J’ai accès à très peu d’analyses de jeux, qu’ils soient vidéo ou non. Je me suis dit évidemment qu’il faut casser des œufs pour faire une omelette, et que comme je ne voulais pas qu’il y ait trop de coquilles dans mon mémoire, je devais débuter quelque part, avec ou sans livre de recettes. Mon objectif en schématisant un jeu de camp de jour très simple comme le jeu des animaux est de réfléchir à un début d’analyse de jeu, à voir comment on peut, en observant la structure de base des règles du jeu, voir quelles sont les possibilités de chacun des joueurs selon son rôle, et quelle stratégie pourrait être à préconiser.

Un animateur pourrait par la suite expliquer cette stratégie aux joueurs de son équipe, pour leur emmener une dynamique plus intéressante (et pour éviter que les joueurs qui prennent une carte « moins forte » soit déçus de ne pas avoir de rôle).

Règles du jeu

Ce jeu joue à deux équipes, qui peuvent être de gros groupes (entre 15 et 50) et qui peuvent être jeunes (entre cinq et dix ans). Chaque joueur possède une carte avec un animal, soit : un loup, un hibou, une grenouille ou une coccinelle. Chaque équipe a une base, où un animateur reste et conserve parfois des cartes additionnelles.

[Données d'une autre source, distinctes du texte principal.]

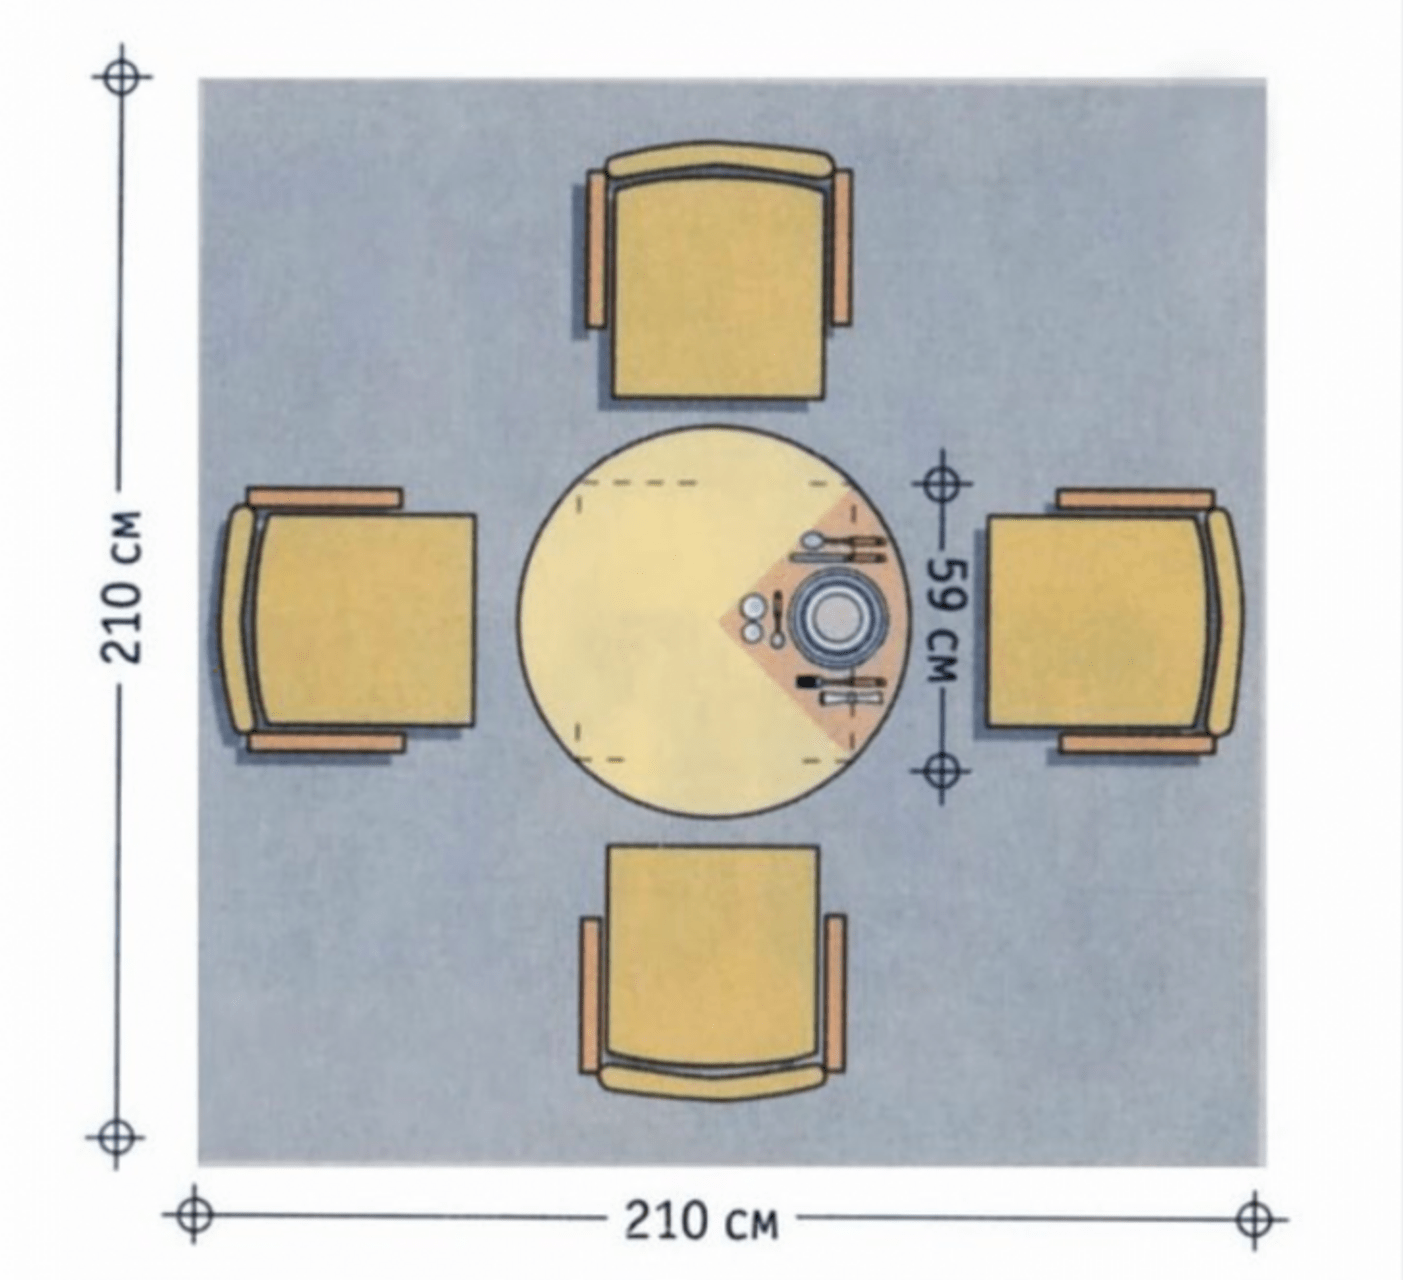 Размеры обеденных столов разных форм, советы по выбору мебели 25 - ДиванеТТо

C’est un jeu d’arrache-foulard : les joueurs ont un foulard derrière eux qu’ils placent à leur ceinture, dans leurs pantalons. Lorsqu’un joueur arrache le foulard d’un autre, un combat s’en suit, et les joueurs se montrent mutuellement leur carte.

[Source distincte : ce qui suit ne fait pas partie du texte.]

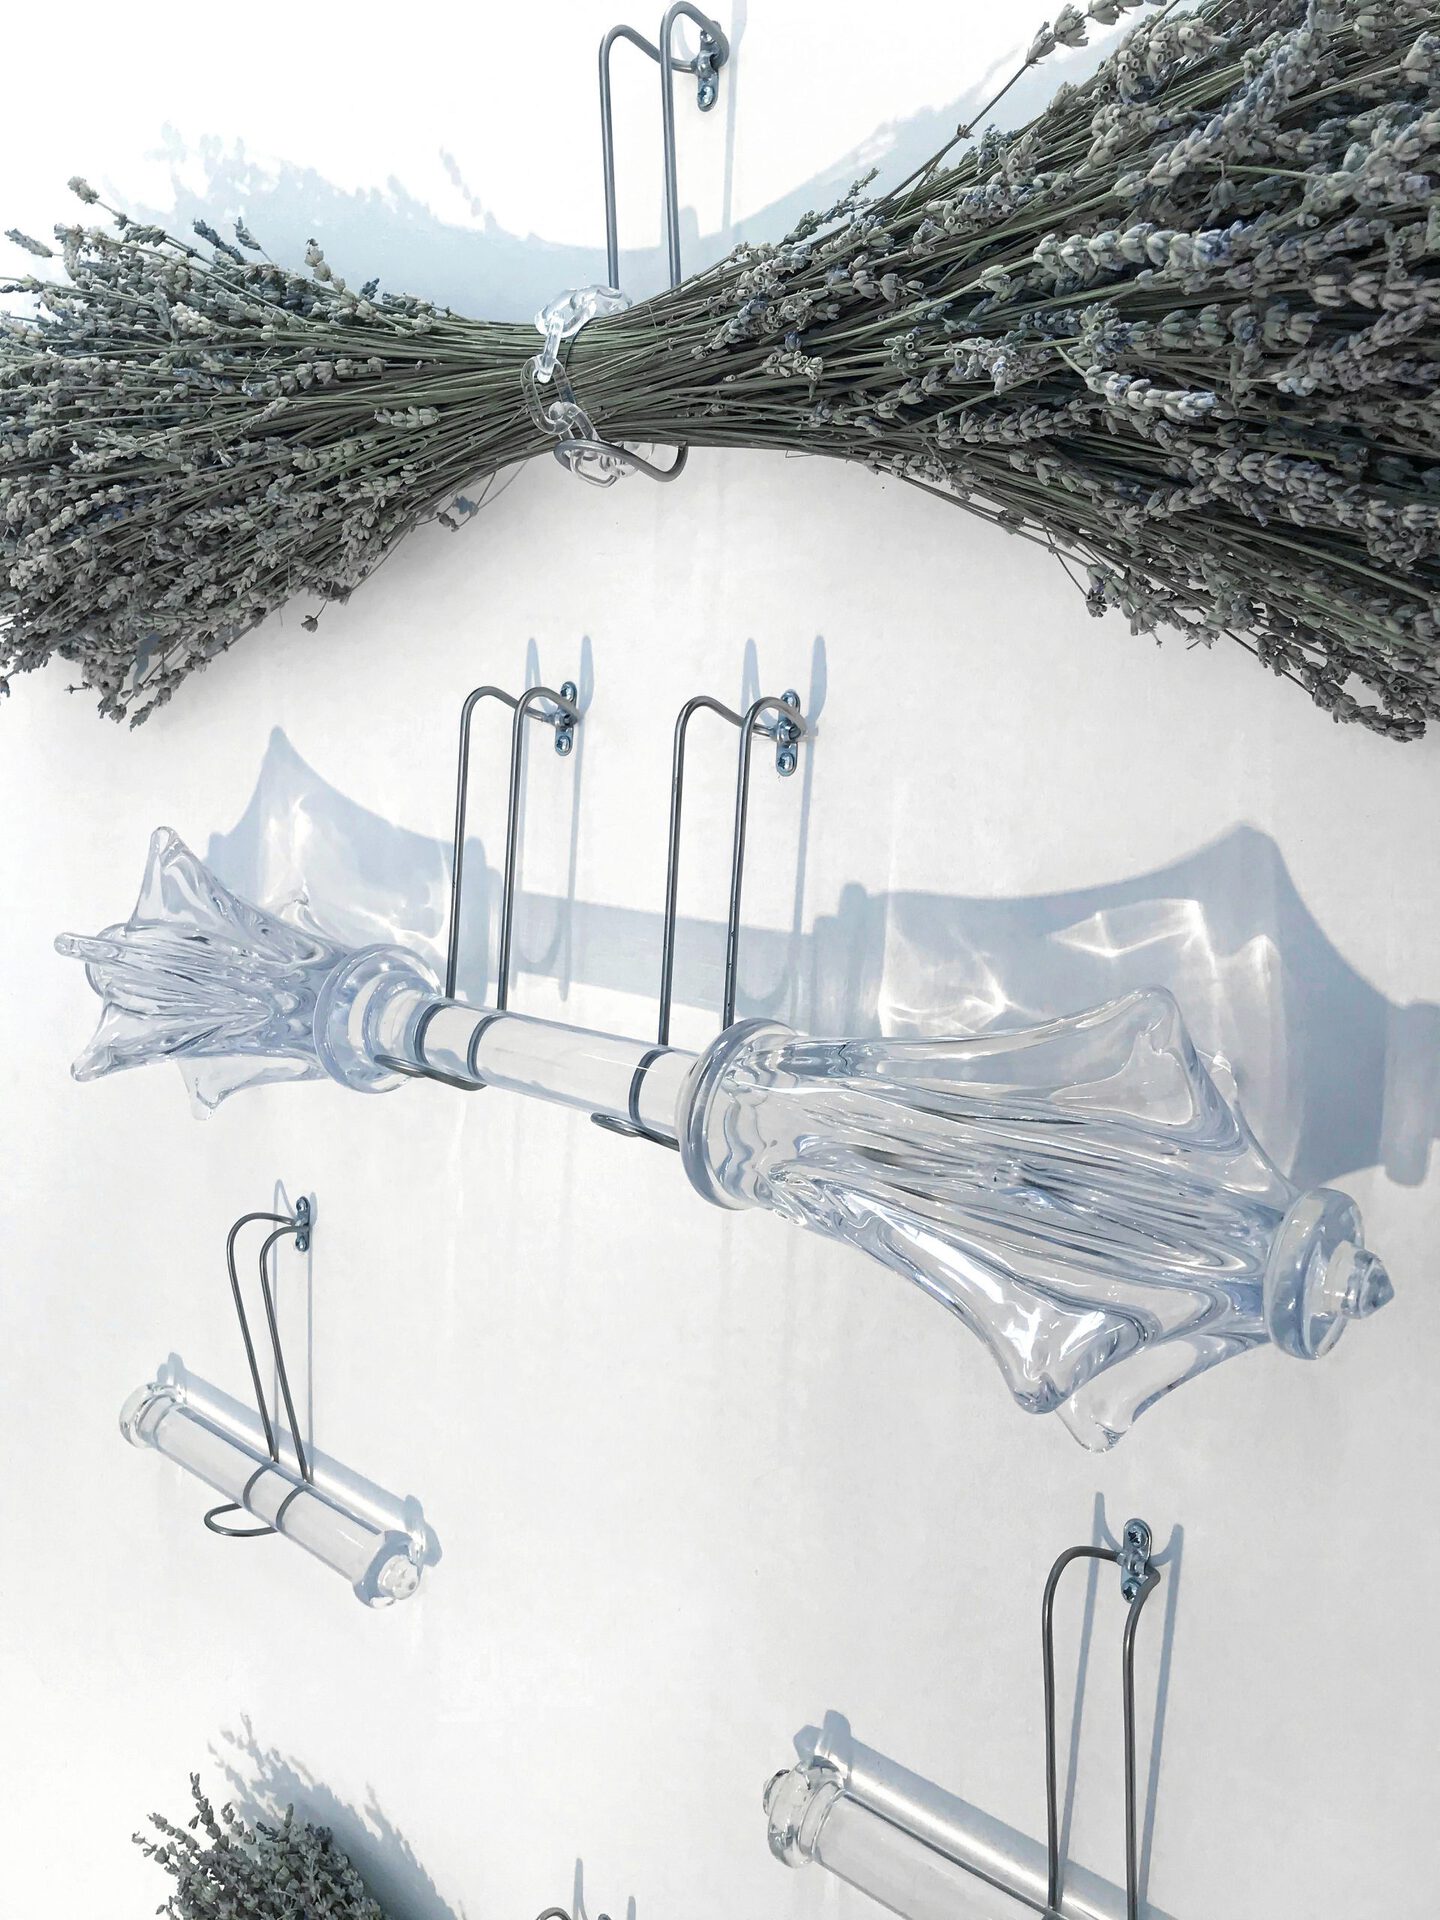 Floryan Varennes, Panoplie (details), 2020,  Medical flesh retractors, lavender aspic (Lavendula latifolia), glass dumbbell, glass tubes, acrylic chains, 190 x 150 cm

Loup > Hibou > Grenouille > Coccinelle.

Seule exception à cette règle : la coccinelle bat le loup. Le joueur gagnant le combat prend la carte du vaincu et la ramène à sa base. Le vaincu retourne a sa base et prend une carte, ou en attend une s’il n’en reste plus. Le but du jeu est qu’une des deux équipes amasse l’ensemble des cartes.

Chaque « unité » a donc une certaine zone d’influence, et il sera intéressant de voir quelles sont les déductions stratégiques qui peuvent être tirées des principes du jeu.

Approche stratégique

Influence de chacune des unités

Résultats d'une attaque de x sur y.J’emprunte ce type de tableau à la théorie des jeux. Je reviendrai vraisemblablement là-dessus : leur principe est une approche mathématique de l’économie, mais d’autres ont expliqué brièvement certains principes de cette théorie pour éventuellement (peut-être) l’appliquer au design de jeu (Salen et Zimmerman 2004 et Juul 2005). Dans chaque case, -1 indique une défaite, 0 une issue nulle et 1 une victoire. Le chiffre à gauche est le résultat de x et à droite, celui de y.

En comparant ces résultats, on peut faire trois constats :

  1. Le loup et le hibou sont les deux unités avec le plus de chances de victoire dans un combat, avec 50%. Ils perdent dans 25%.
  2. La grenouille et la coccinelle gagnent seulement dans 25% des combats, et perdent dans 50% des cas.
  3. La coccinelle a un avantage sur la grenouille : elle est la seule carte qui peut gagner contre le loup.

C’est un jeu où il faut jouer avec le fait que les joueurs perdent des combats, mais conservent un certain avantage sur leur adversaire : celui de l’information. Une fois que l’information passe dans l’équipe, elle devient la meilleure arme sur l’adversaire.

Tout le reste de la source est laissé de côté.